Read early this morning in a daily devotional:
“You are able to grow a greater love when you lay down your agenda in prayer and pick it up by faith and in love. Beware of ignoring thoughtful questions from the wise and becoming a fool by thinking you have all the answers. A greater love gives up control for the greater good of faithful friends.”
Don’t kid yourself. We’ve all made pleasant with serene, gracious smiles while privately believing ourselves to be brighter and sharper and more talented than anyone around us.
You’ve looked around, seeing the same people being picked and pressed into multiple roles. You’ve thought, “No way can they be the best we have at that many things. And who’s going unused in all of it? Why are gifts and talents being wasted?” Good men and women get tired. Disappointed. Discouraged.
I get it. Good leaders size up their available team and quickly decide who’ll step up. Having set that mental template, it’s just easier to
- go with the flow
- not rock the boat
- dance with who ya brung
People are sharper than you think. They know when they’re being overlooked.
Leaders have their agendas, too. They’re no easier to lay down than yours or mine. It’s just simpler to recycle the same people than be on the hunt for new talent and develop it.
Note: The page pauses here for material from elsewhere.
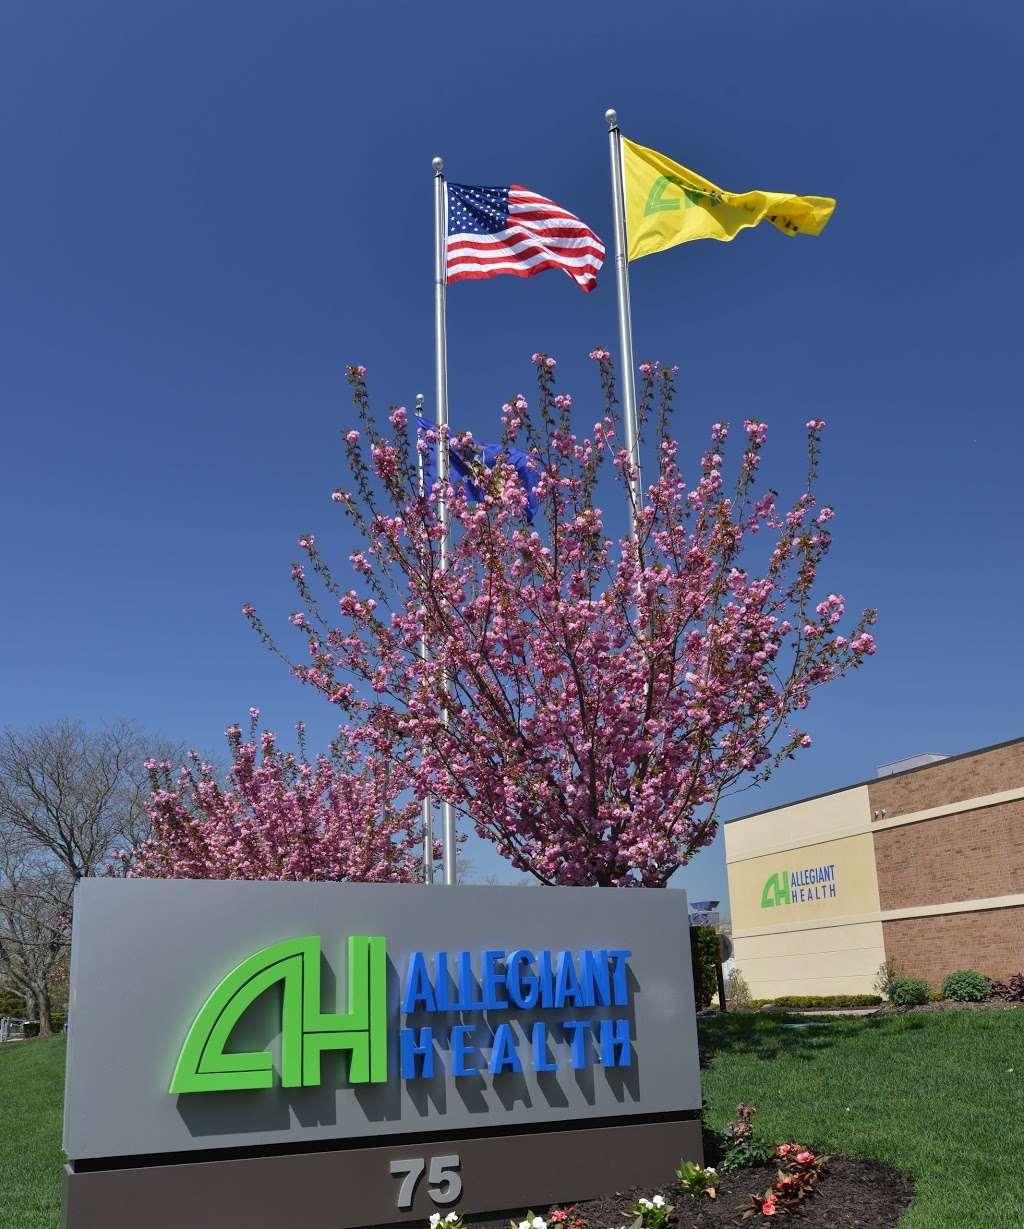 Allegiant Health - health  | Photo 7 of 7 | Address: 75 N Industry Ct, Deer Park, NY 11729, USA | Phone: (631) 940-9000

And yet Jesus said there’s no higher indication of His love than to lay ‘me’ and ‘my’ down in favor of others.
Laying down your agenda, spreading it out before God’s perfect Timeless eye, is humbling. There’s a big difference between, “Now, God, here’s my plan . . .” and “Okay, Lord–what’s YOUR plan, what part do you want me to play, and who else do You want on this team?” https://teamgantt.com
And the waiting? Oh, the waiting . . .
“Oh, oKAY-uh! My agenda. Right there. On the floor! Okay?”
Right. But that’s only half the equation. There’s the follow-through of picking it up, by faith and in love toward all concerned, after God’s finished reworking it.
It really is a matter of control.
And God’s the only one who ought to be getting His way in everything we’re doing.